Wearing the traditional tailcoat and white bowtie of the Turkish speaker, he also invited the lawmakers to swear “loyalty to the secular and democratic Turkish republic.”
But tensions rose when pro-Kurdish MP Leyla Zana began her oath with “Biji Asiti”, or “Long live peace” in Kurdish. The phrase triggered a storm that recalled her memorable swearing-in 24 years ago when she also spoke the language that was then still taboo in public.
Zana, an iconic activist who spent 10 years in jail for her links to the outlawed Kurdistan Workers’ Party (PKK), also changed the wording of “Turkish people” in the parliamentary oath to the “people of Turkey.”
Baykal asked Zana to recite her oath again, but she declined to do so, walking out in protest.
Zana, the first Kurdish woman to enter parliament, unleashed a storm in 1991 when she said she took the oath under duress and added a message of peace in Kurdish.
Turkey is wrestling with deep ethnic, political and religious divisions that have been exacerbated by a renewed conflict between the state and Kurdish separatists as well as a wave of bloody attacks blamed on Islamic State jihadists.
The AKP won almost half the popular vote to secure 317 seats in the 550-member parliament, more than enough to form a government on its own.
The result is a huge personal victory for Erdogan, who may now be able to secure enough support for his controversial ambitions to expand his role into a powerful US-style executive presidency.
The CHP won 134 seats, while the pro-Kurdish HDP — which scored a historic breakthrough in June elections by becoming the first party representing Turkey’s largest minority to enter parliament — won 59 seats, down from 80 five months ago.
The nationalist MHP won only 40 seats, half the number it picked up in June.
The number of AKP seats still falls short of the 367 needed to change the basic law to endow Erdogan with full executive powers.
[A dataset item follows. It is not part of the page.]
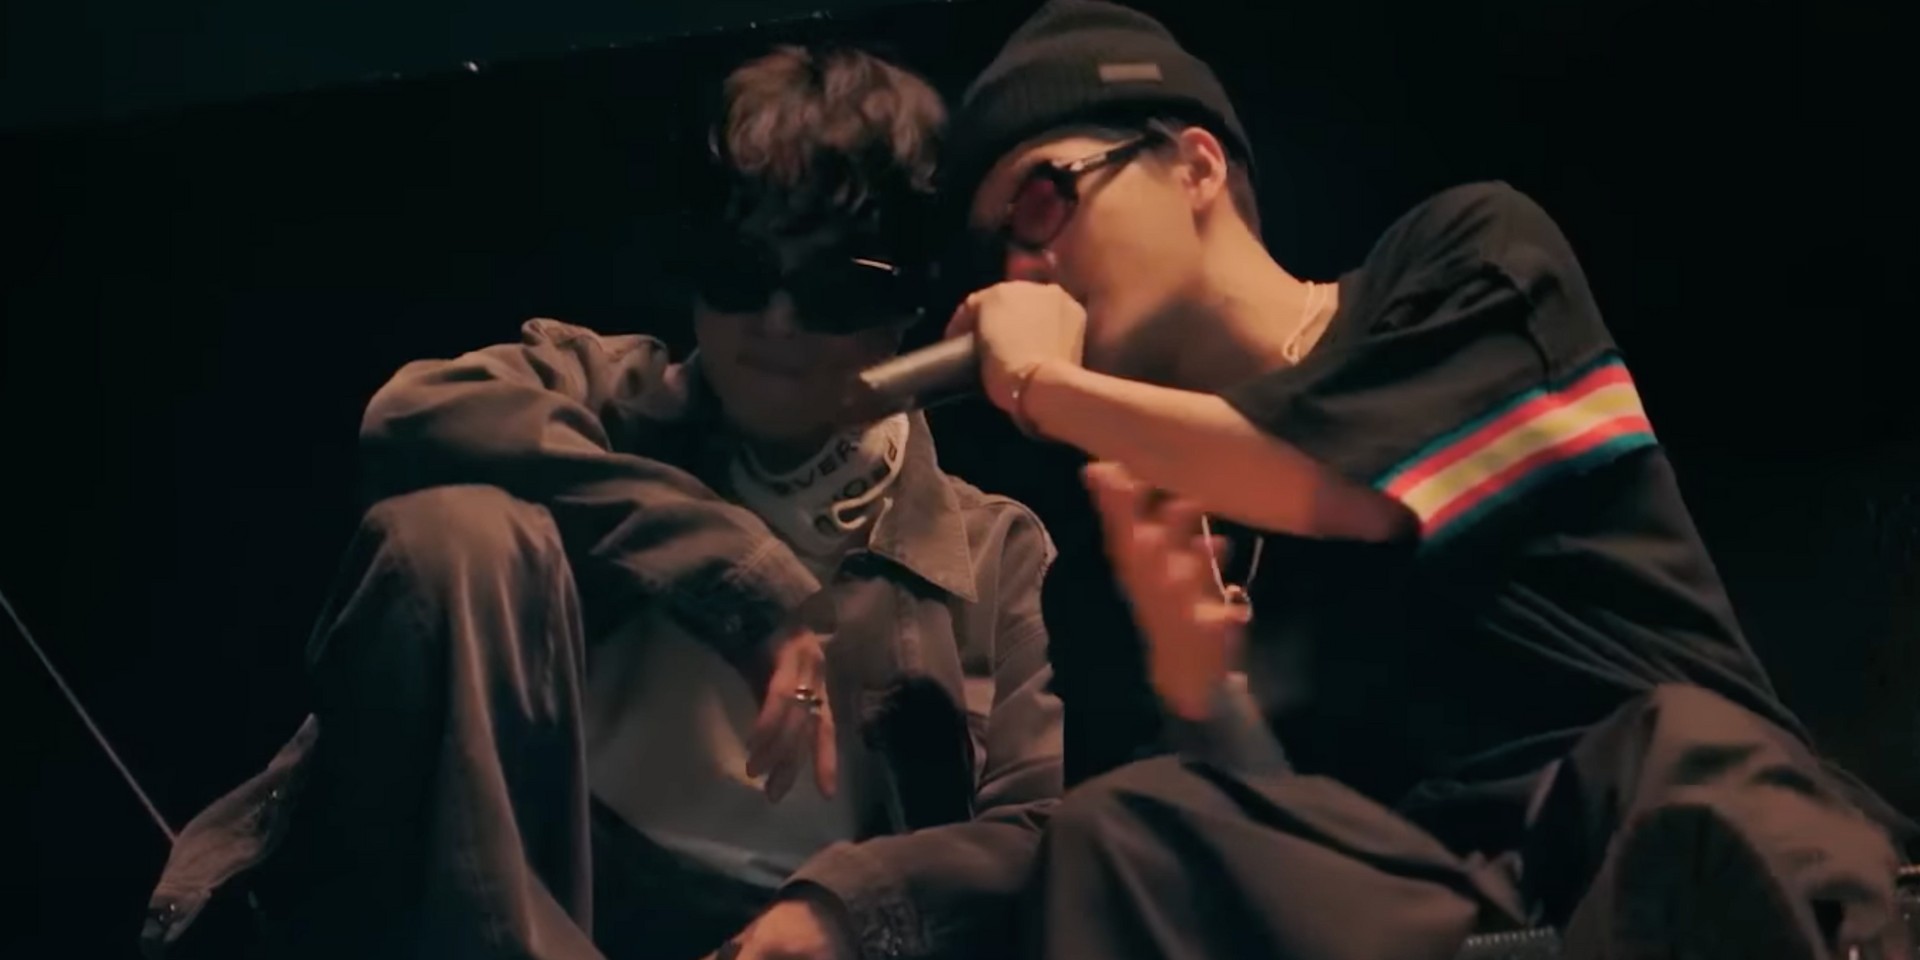 Jackson Wang and EPIK HIGH's Tablo team up in 'Imagine' for 'Rap of China' – watch

Analysts are expecting the party to court support for constitutional reform from the MHP, which shares its conservative and religious outlook.
Meanwhile, speculation is mounting that Erdogan’s son-in-law Berat Albayrak could be given a key job in the new cabinet.
Albayrak, who was first elected to parliament in June, accompanied Erdogan during a tete-a-tete with US President Barack Obama at last weekend’s G20 summit in the Turkish resort of Antalya.